Shows the overlapping content and shadow.A design goal for BalloonWindow was to support this same shadowing effect. Several design considerations were researched and ultimately the best approach was to implement shadows in a separate window positioned behind the content window as shown in Figure 6.

The class ShadowedWindow maintains the shadow effect which BalloonWindow inherits. When a shadow is first displayed, CreateShadowProjection creates a Projection object. Keep in mind that ShadowedWindow is not the shadow itself. The shadow window itself is actually encapsulated by the Projection object maintained by ShadowedWindow.


private Projection CreateShadowProjection()
{
   Projection shadow = new Projection(this);
              shadow.BackColor = Color.White;

   BindShadowToOwner(shadow, this);

   return shadow;
}

The projected shadow always lies behind the content window and has the same dimensions.
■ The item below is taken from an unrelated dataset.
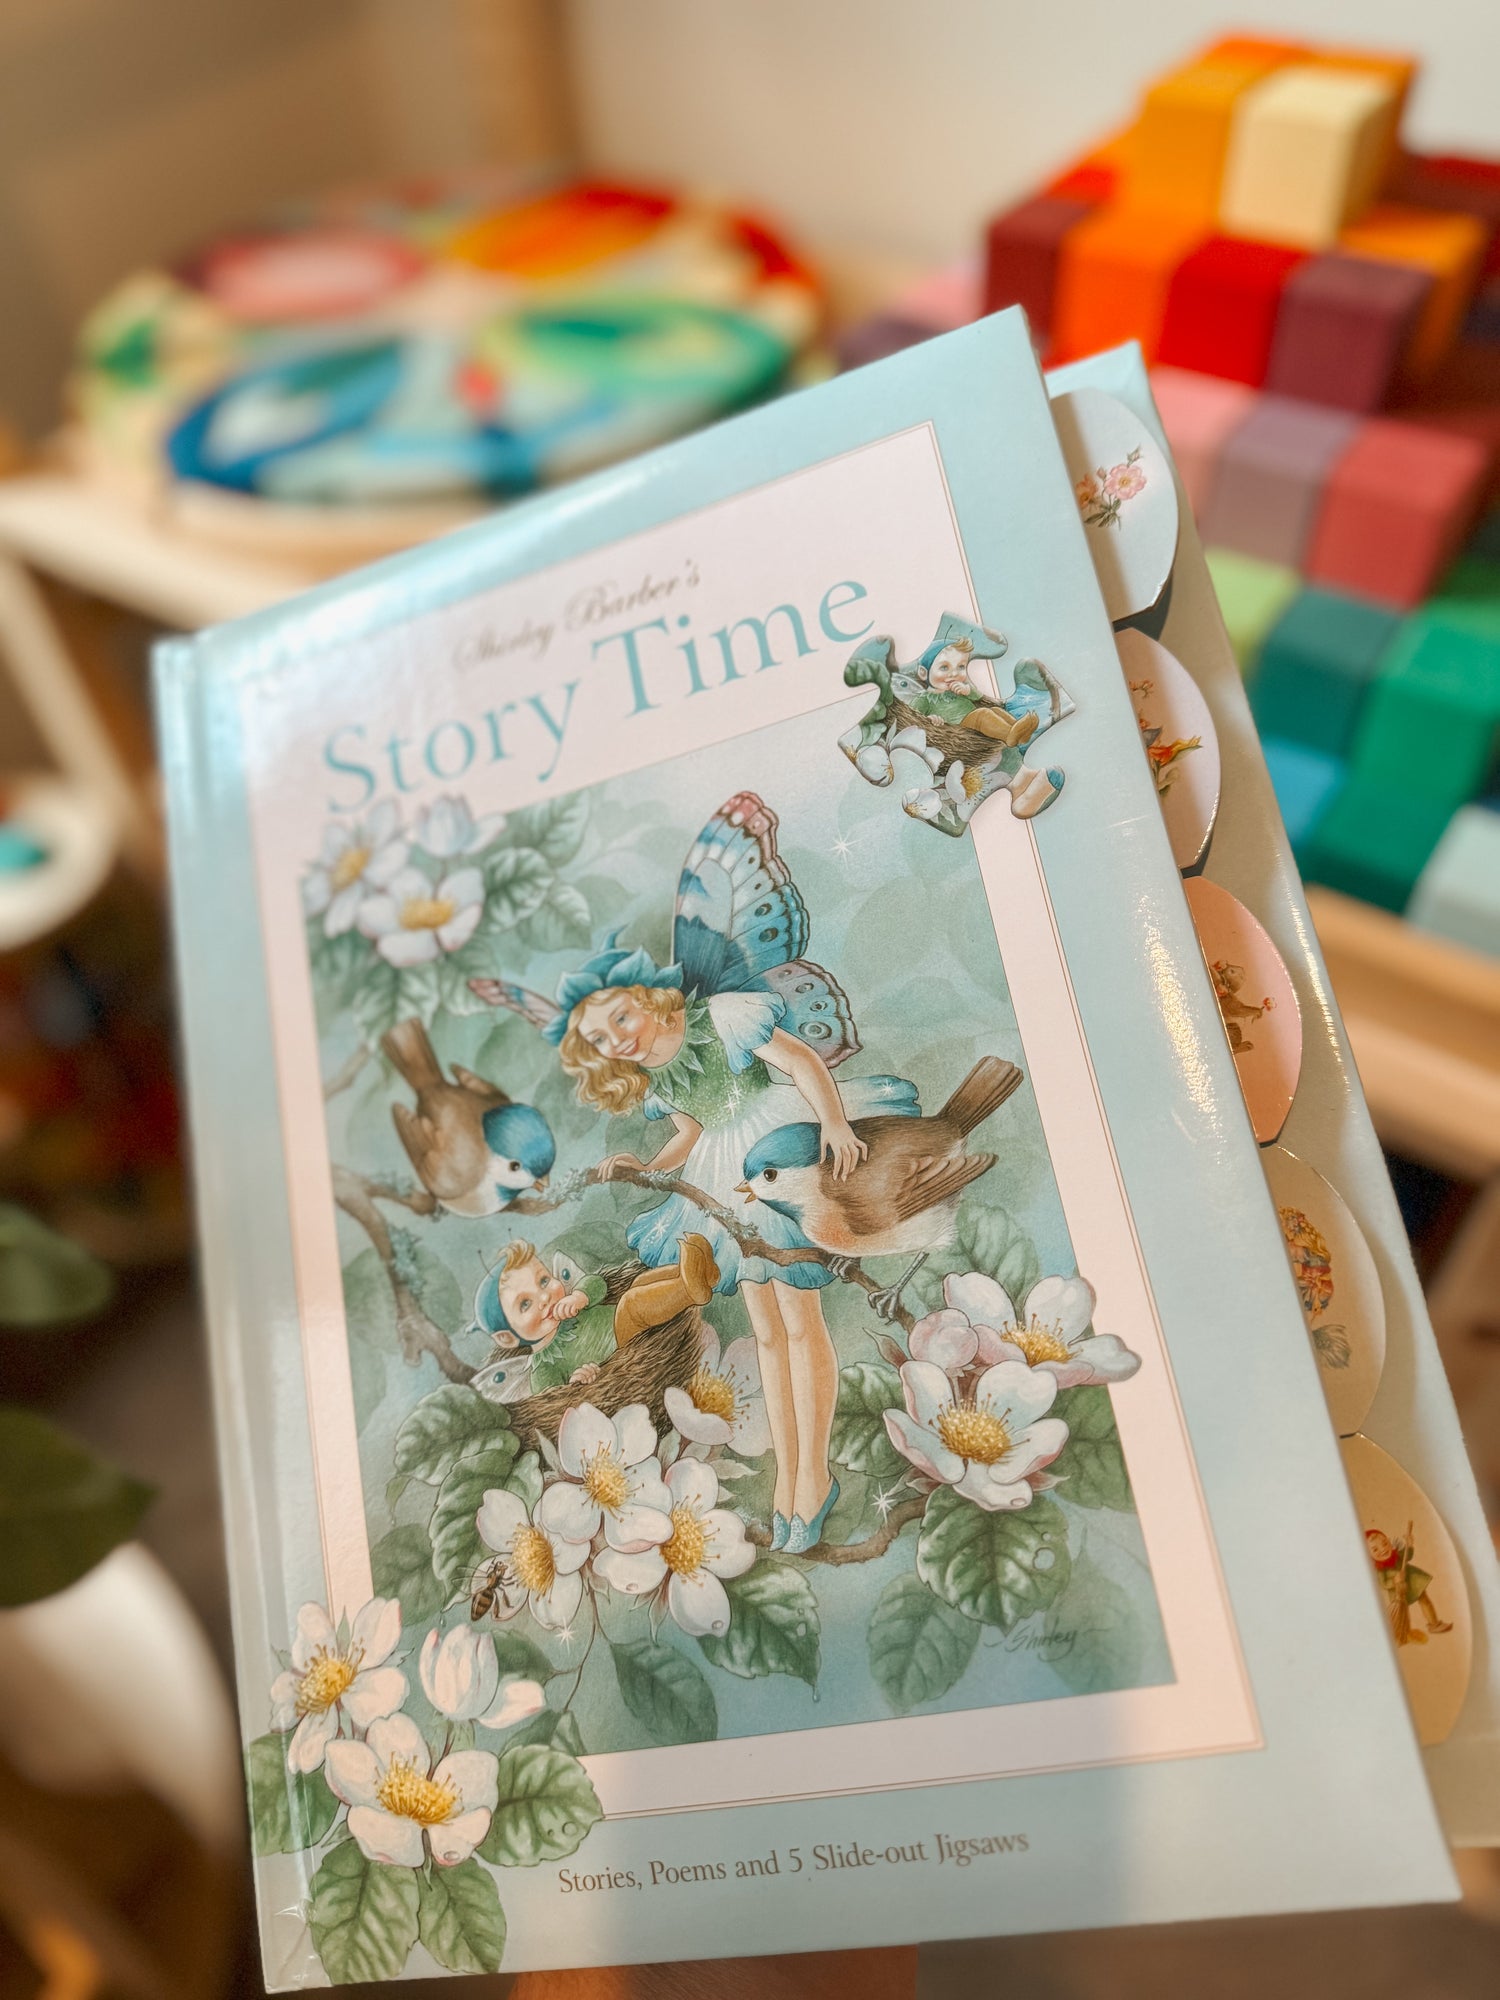 SHIRLEY BARBER | SHIRLEY BARBER'S STORY TIME (SLIDE OUT PUZZLE BOARD BOOK) by SHIRLEY BARBER - The Playful Collective

Because of this, the shadow needs to be offset slightly so it is visible.

public void ShowShadow()
{
   GraphicsPathWindow shadow = __shadow;

   if(shadow == null) shadow = __shadow = CreateShadowProjection();

   int shadowMargin = ShadowMargin;
   Point shadowLocation =
      new Point(Location.X+shadowMargin, Location.Y+shadowMargin);
   Size shadowSize = Size;

   shadow.Location = shadowLocation;
   shadow.Size = shadowSize;

   shadow.Show();
}

A shadow is created on an off-screen bitmap rendered with a gradient pattern.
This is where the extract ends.